The report reveals a number of intriguing insights about the mind set of today's teenagers. Stephen Gardner, the Director of Work Based Learning at the LSC calls the report "a series of fascinating insights which serve to challenge [the] stereotypes associated with young people as short-termist and in awe of celebrity."
A deeper look into the report shows that of the young people surveyed, the majority recognize personal fulfilment and getting a job that they enjoy as the main markers of success. In addition, earning qualifications and degrees, as well as the concept of "making a difference", rank high in the definition of success.
These findings may surprise those who are quick to write off the young people of today as only yearning after celebrity, easy money and an easy ride to success. One of the most exciting findings of this report is the revelation that the greatest source of pressure to succeed comes from teenagers themselves, with the average young person expecting to have become successful in their chosen career path by the age of 27.
"The report reveals a contrasting picture of a generation defined by a sense of determination," furthers Gardner. This is emphasized by the encouraging statistic that 93% of young people and 91% of parents are confident that today's youth will be happy and fulfilled in their chosen career.
However, employers, young people and parents have different ideas of the best path to success. Of the employers surveyed, Apprenticeships come just slightly ahead of GCSEs as the most valuable qualification when seeking new staff. Conversely, just one in 10 young people will pursue an Apprenticeship, with the majority of young people and parents viewing academic qualifications as the most significant route to career success. These findings may prove worrying to employers who view training as a top priority and see work experience as crucial to future success.
It appears that the discrepancy between the ideas of the most successful career path comes from the relative newness of the more non-traditional qualifications. Apprenticeships were introduced in 1994 to provide on the job training while pursuing an NVQ. Apprenticeships- The Success Report 2004 reveals that young people and parents are not as familiar with Apprenticeships and the other non-academic qualifications and as such, are not as likely to pursue these qualifications.
Best Of Both Worlds
Those that have successfully completed an Apprenticeship believe that they have benefited from the best of both worlds.
Ricky Hardie, who successfully qualified for a BTEC in Chemical and Production Engineering and an NVQ Level 2 in Using IT says,
"It was good to earn and learn at the same time. It was good to get experience in the environment you wanted to work in to see if it was where you wanted to be."

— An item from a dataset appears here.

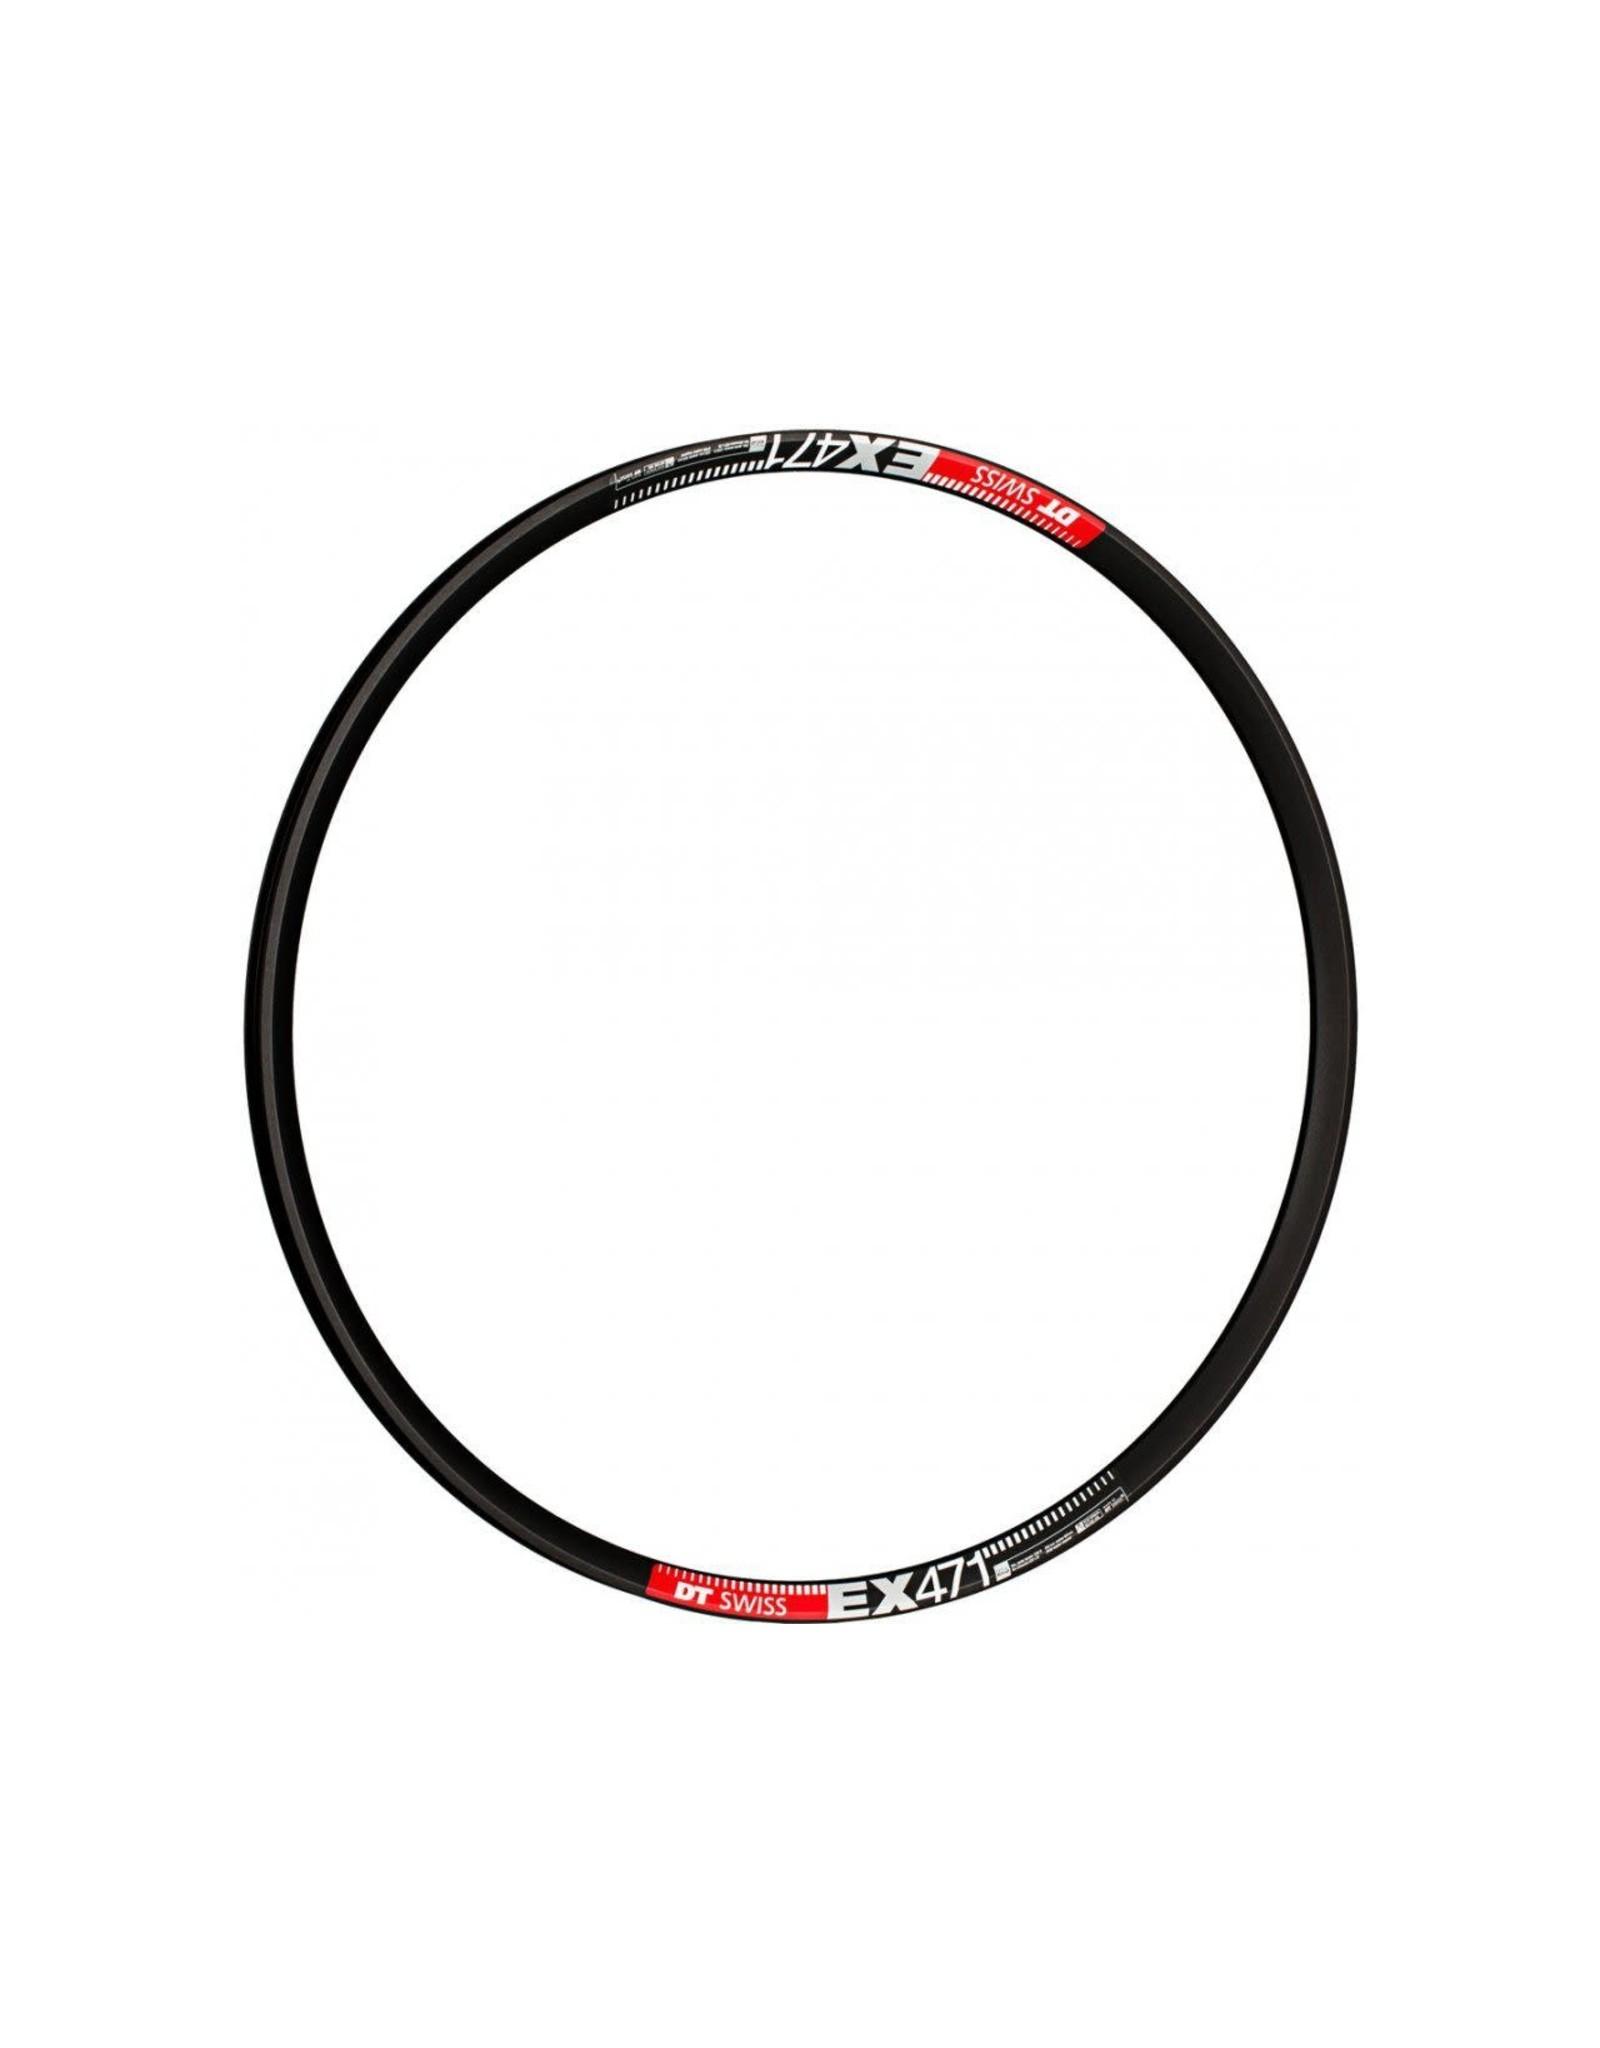 EX 471 SBWT disc-specific 32 hole Presta-drilled black - 29er

This enthusiasm for Apprenticeships is echoed by Rod Kenyon, Director of Engineering Academies at British Gas:
"Our apprenticeships become experts not only in engineering, but also in customer care"¦ The enthusiasm and dedication that our apprentices have for learning their trade is unrivalled. Every single one of them is their own success story."
Wave Of The Future
With this week's Tomlinson Report urging a further emphasis on vocational qualifications for young people, it appears that Apprenticeships are the wave of the future. The aggressive bid to increase public awareness of Apprenticeships has been seen through an on-going campaign spanning all forms of media. November 10th marks the six-month anniversary of this campaign, which began after the new family of Apprenticeships was announced by Education and Skills secretary Charles Clarke and the Chancellor Gordon Brown in May.
It is clear the Labour government is committed to funding a wide range of options for those who are seeking academic qualifications and those who are seeking vocational qualifications. The expansion of the Apprenticeship program provides an excellent opportunity for both employers and young people and looks set to become a more widely chosen alternative to the traditional A-Level and university path.